Manchester marks week since attack as security questions grow
A bell tolled in Manchester on Monday at the exact time when a suicide bomber struck a week before outside a teenage pop concert killing 22 people, as Britain's intelligence agency questioned whether vital clues had been missed.
Hundreds braved the rain in the northwest English city for a silent vigil amid floral tributes, candles and teddy bears to honour the victims, who included six children.
As the number of people detained in Britain rose to 14, following an arrest early Monday morning, police also released new CCTV images of 22-year-old attacker Salman Abedi carrying a large suitcase and appealed for information about the luggage.
Abedi detonated his bomb just after the end of a concert by US pop star Ariana Grande in one of Europe's biggest indoor arenas in central Manchester. Many of the victims were either young concert-goers or parents waiting to take their children home.
A total of 116 people were injured in the attack, by Manchester-born Abedi, a university dropout of Libyan origin, 19 of whom remain in critical condition.
The Islamic State group has claimed responsibility for the attack.
"You tried to destroy us but you've brought us closer together," read one message of defiance left among the tributes in central Manchester, which included heart-shaped balloons and runners' bibs left by participants in a half-marathon on Sunday.
Blue suitcase
Investigators meanwhile pushed ahead with their probe.
Police could be seen conducting a search at a rubbish tip near Manchester and they released images of Abedi carrying a blue suitcase hours before the attack, asking the public where and when they might have seen him with it in the preceding days.
"We have no reason to believe the case and its contents contain anything dangerous, but would ask people to be cautious," the police said in a statement, stressing that the suitcase was different from the backpack Abedi used in the attack.
Abedi is believed to have returned from a trip to Libya a few days before the bombing and had also recently transited through airports in Istanbul and Dusseldorf in Germany.

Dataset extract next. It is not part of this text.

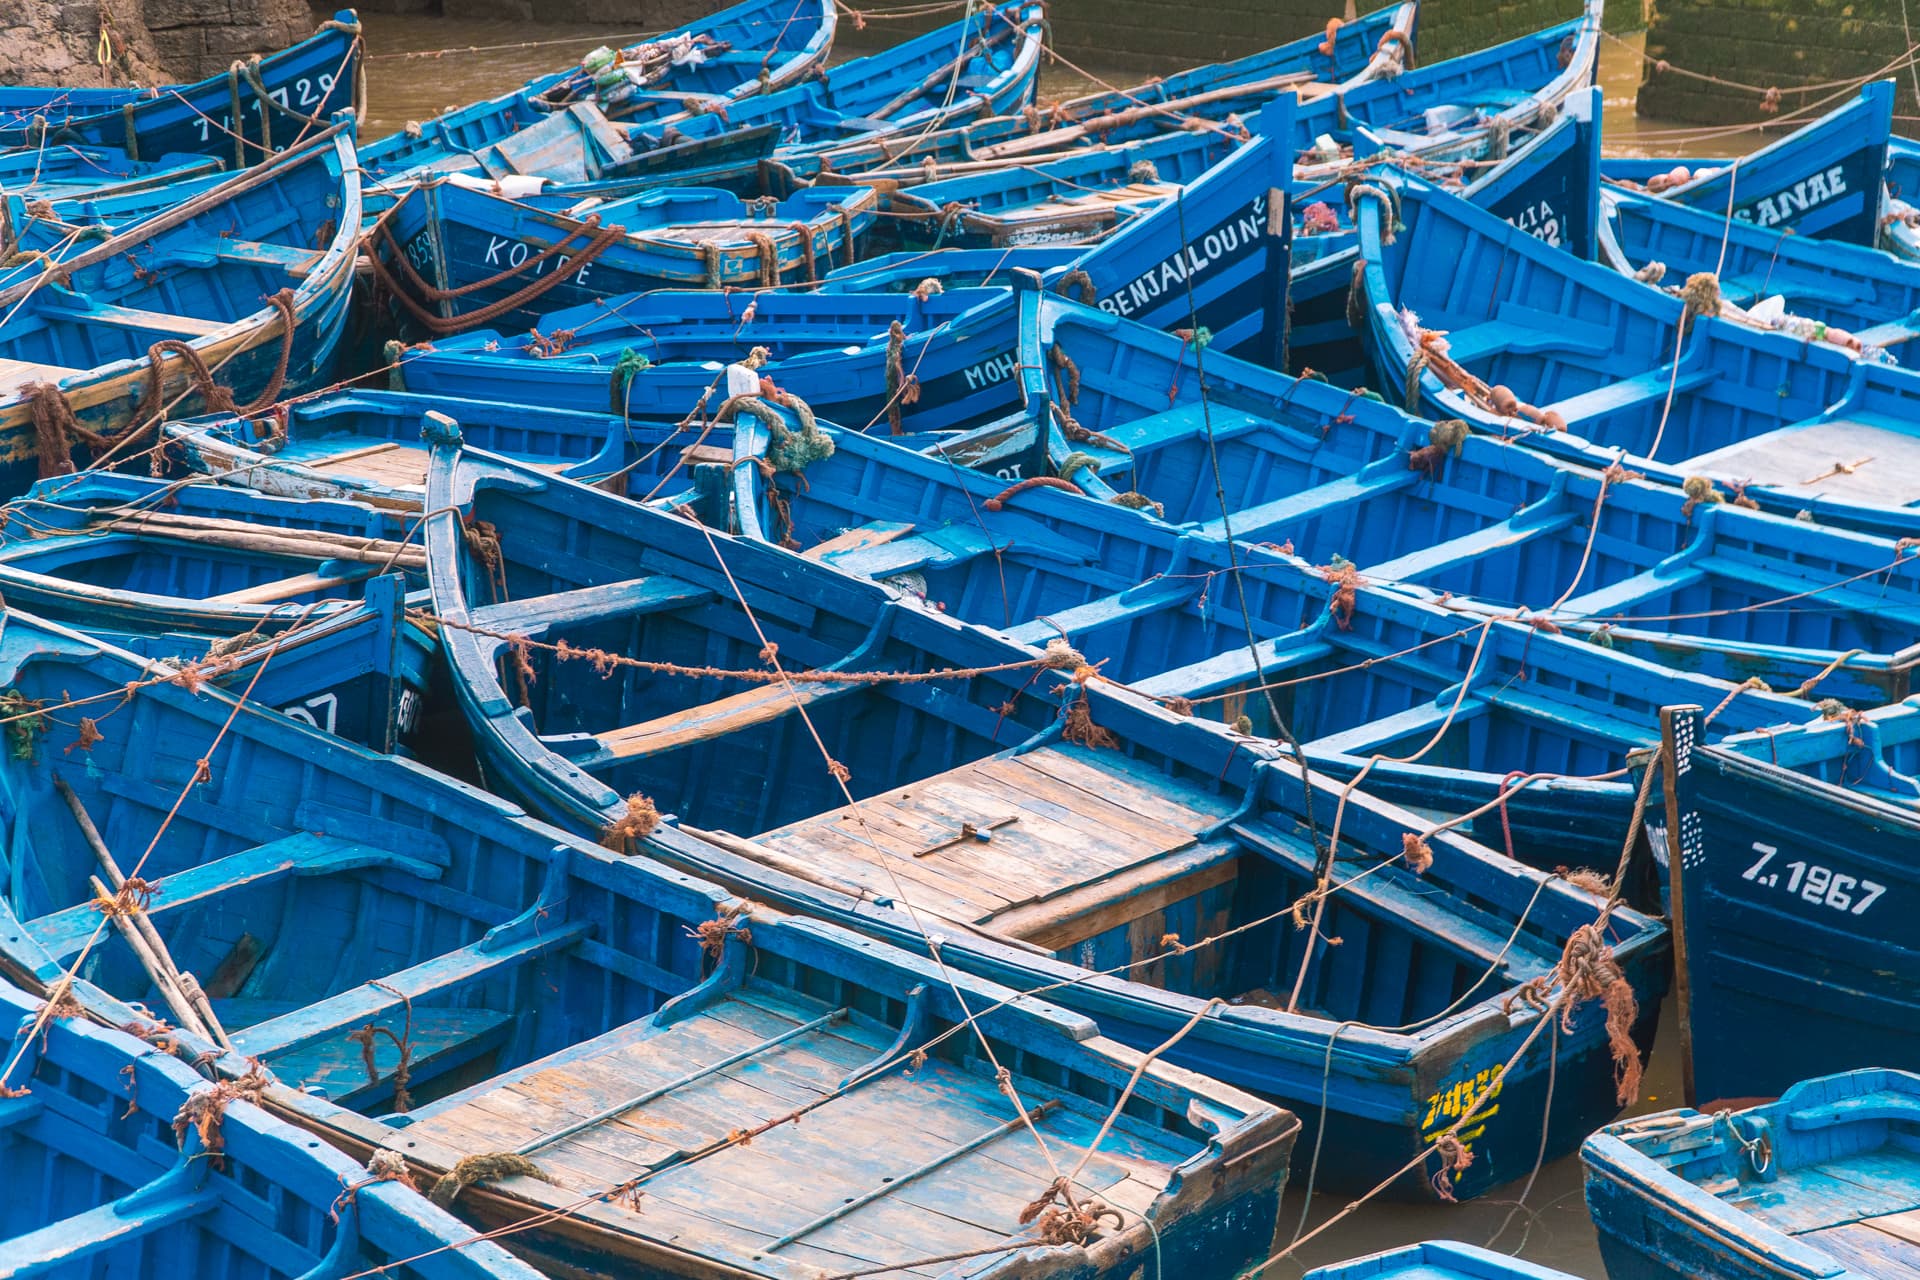 Niebieskie łódki w Essaouirze | Plan wyjazdu do Maroko

The latest person held was a 23-year-old man arrested in the southern coastal town of Shoreham-by-Sea, more than 400 km from Manchester.
Fourteen men are now detained on UK soil in the investigation, while Abedi's father and brother have been held in Libya, where officials said the two brothers were IS militants.

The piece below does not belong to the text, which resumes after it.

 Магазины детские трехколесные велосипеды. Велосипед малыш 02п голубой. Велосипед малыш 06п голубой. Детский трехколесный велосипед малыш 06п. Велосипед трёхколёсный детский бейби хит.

None of the men arrested in Britain have so far been charged with any crime and police have up to 14 days in which to do so under special anti-terrorism laws.
MI5 probe is 'right'
Amid mounting criticism of the security services, the domestic intelligence agency MI5 is looking at decisions taken in the case of Abedi, who used to be on a terror watchlist but was no longer on it at the time of the attack, and whether warnings about his behaviour were ignored.
"There is a lot of information coming out at the moment about what happened, how this occurred, what people might or might not have known," Britain's Home Secretary Amber Rudd told Sky News.
"It is right that MI5 take a look to find out what the facts are," she added.
British media have reported that two people who knew Abedi made separate calls to an anti-terrorism hotline to warn the police about his extremist views.
The Mail on Sunday also cited a source saying that US federal agents had been investigating Abedi since mid-2016 and had flagged up concerns to MI5.
The BBC reported that Abedi had taken part in the armed uprising against Libyan dictator Muammar Gaddafi's government as a teenager during school holidays.
Britain's Prime Minister Theresa May on Saturday lowered the terror threat level, which had been hiked in the immediate aftermath of Monday's attack.
Operation Temperer, which involved the highly unusual deployment of armed troops on Britain's streets, was also being wound down on Monday night.
Cuts in police force numbers made while May was home secretary have become a focus for the campaign ahead of a general election on 8 June and polls have shown her ruling Conservatives' strong lead over the opposition Labour Party shrinking in recent days.
From 2009 to 2016, the number of police officers fell by almost 20,000, or around 14 percent.
May argues that the government has increased funding for security and intelligence agencies.
"What we had to do when we came into government in 2010 was to ensure that we were living within our means," May said when pressed about the cuts by a police officer during a televised question and answer session on Monday.